O-Town Weather Anchor Glen Richards ​is hitting a milestone in the Orlando market.

20 Years on the air.​

The Orlando Sentinel says  it's an unusual anniversary because it is split between two stations: WFTV-Channel 9, where he worked 10 years, and WOFL-Channel 35, where he has been chief meteorologist since 2003.

When a station doesn't renew a contract, TV talent usually moves on. But when WFTV dropped Richards in January 2003, he was determined to stick around.

"I found Central Florida to be a great place to live," Richards, 47, said Friday. "I found this to be a great place to stay, if I could." (He also wanted to remain in Central Florida for his daughter; she is now 19, a student at Indian River State College and a softball and baseball player.)

In July 2003, Richards began on the air at Fox-owned WOFL, an opportunity he says was enticing.

"That has made the last 10 years so enjoyable, to create something of my own, with the approval and guidance of my managers. It has been fantastic," Richards said.

He is diplomatic on the subject of his former employer. "WFTV was very stable," Richards said. "It was a well-run machine. I felt like everybody was a cog in a wheel in that machine."

A decade ago, he bemoaned that at WFTV he had to talk about the equipment. He still faults that practice.

"TV station groups can get into ruts. They have lingo, catch phrases," he said. "With so many outlets for news and weather, you have to be creative, to take a chance, to think outside the box."

The lingo hasn't been an issue at WOFL, where Richards said he has nearly complete freedom to deliver the weather his way.

"I don't have to worry about constantly promoting everything we do and every piece of equipment we have," he said. "If I’m a viewer, do I want to listen to a commercial or the weather?"

Ah, the weather. What was his most memorable weather moment?

"I would have to say Hurricane Charley," he said. "At the last minute, it veered off Tampa and came through Central Florida. It affected so many people. It was one of strongest wind events to come through the state."

Is there a day that goes by that he isn’t blamed for the weather? 

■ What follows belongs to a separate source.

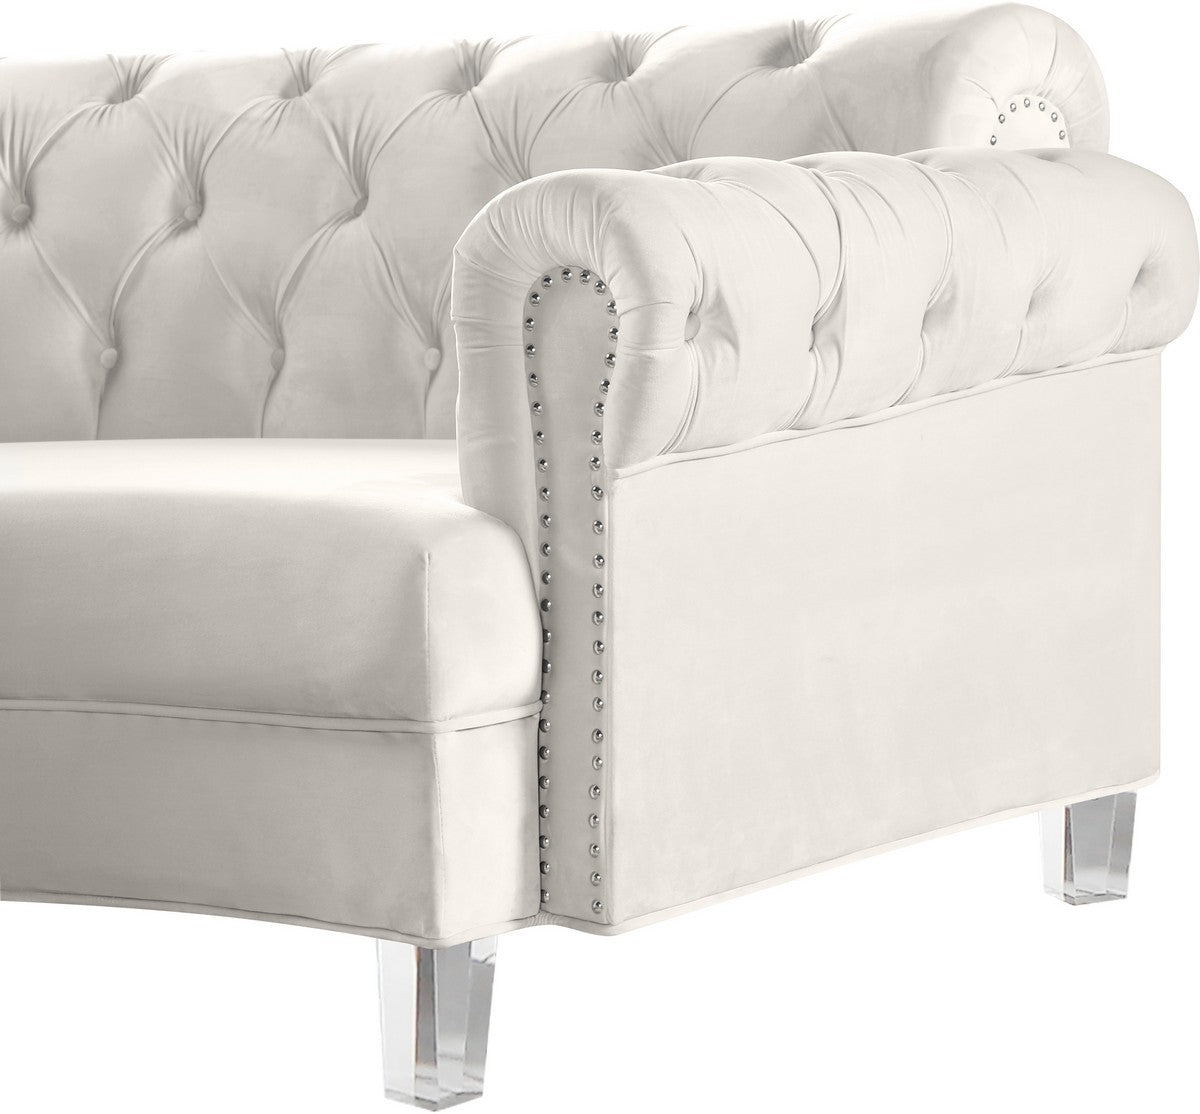 Meridian Furniture Anabella Cream Velvet 4pc. Sectional
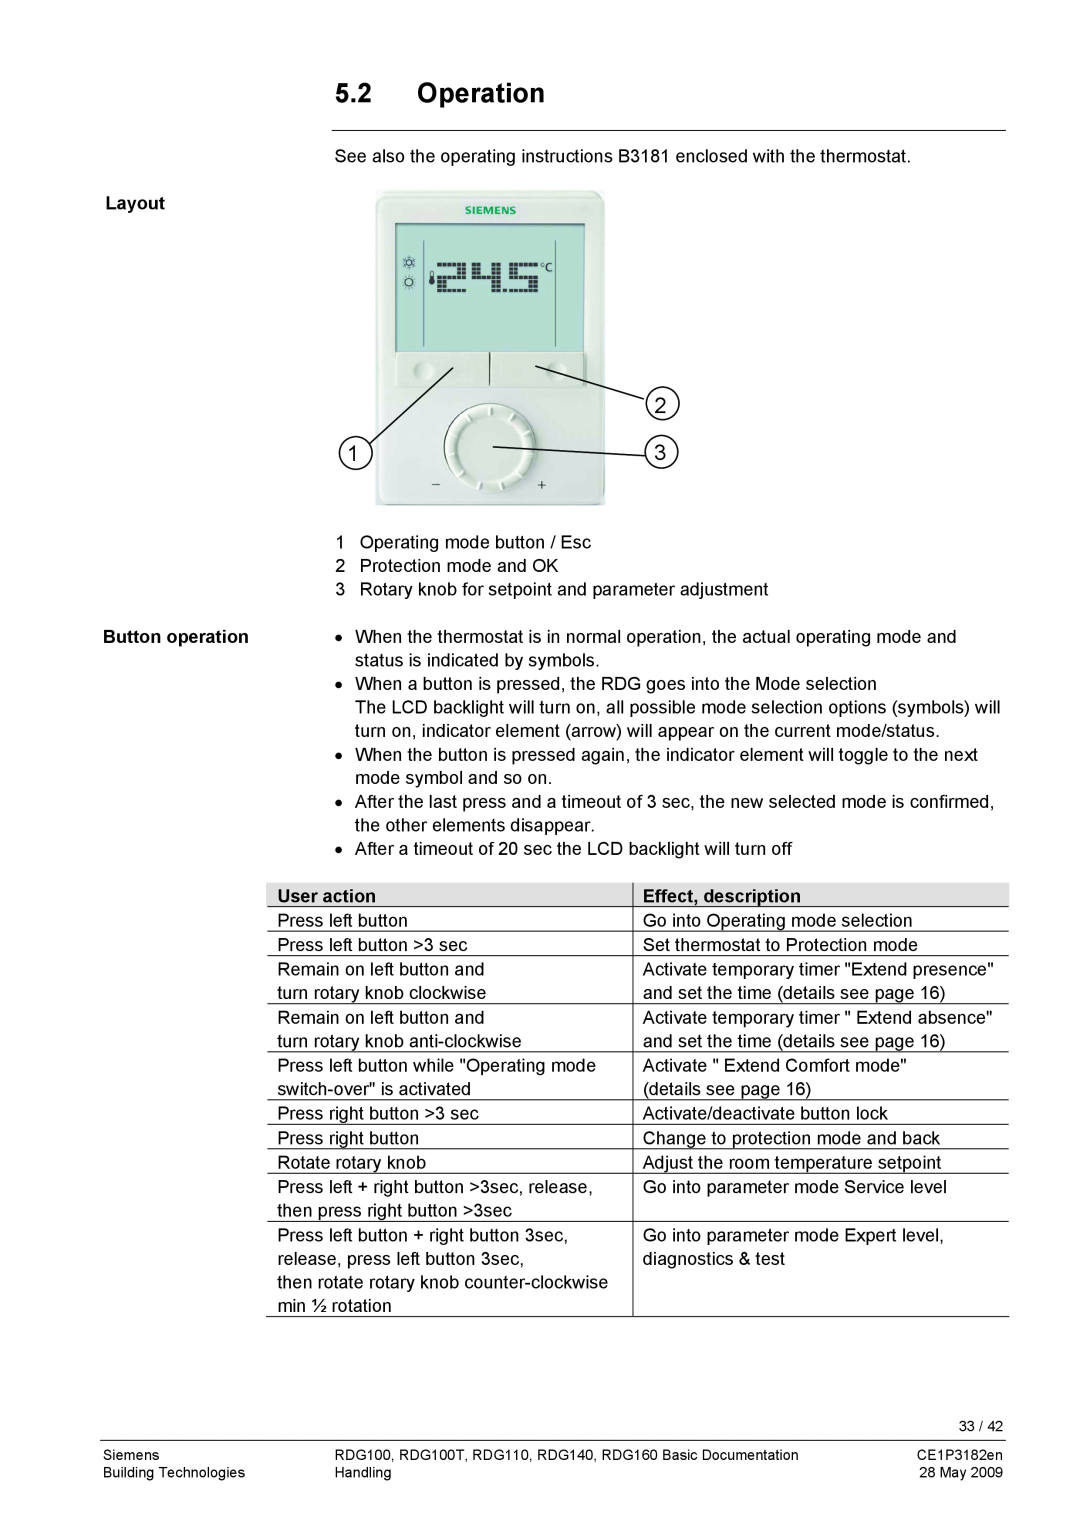 Siemens RDG400 manual 5.2Operation, Layout, Button operation, User action, Effect, description

"I don’t think so, even in my home," he said. "Even my own dogs blame me. They’ll give me this look. Everybody does it tongue in cheek. Viewers do. The people I work with do. People at the grocery store do. It's a fun part of being a weather person in television. Quite honestly, I enjoy the challenge every day of getting a forecast accurate. Most of the time, when somebody runs into me and they think the forecast is wrong, they've watched another TV station."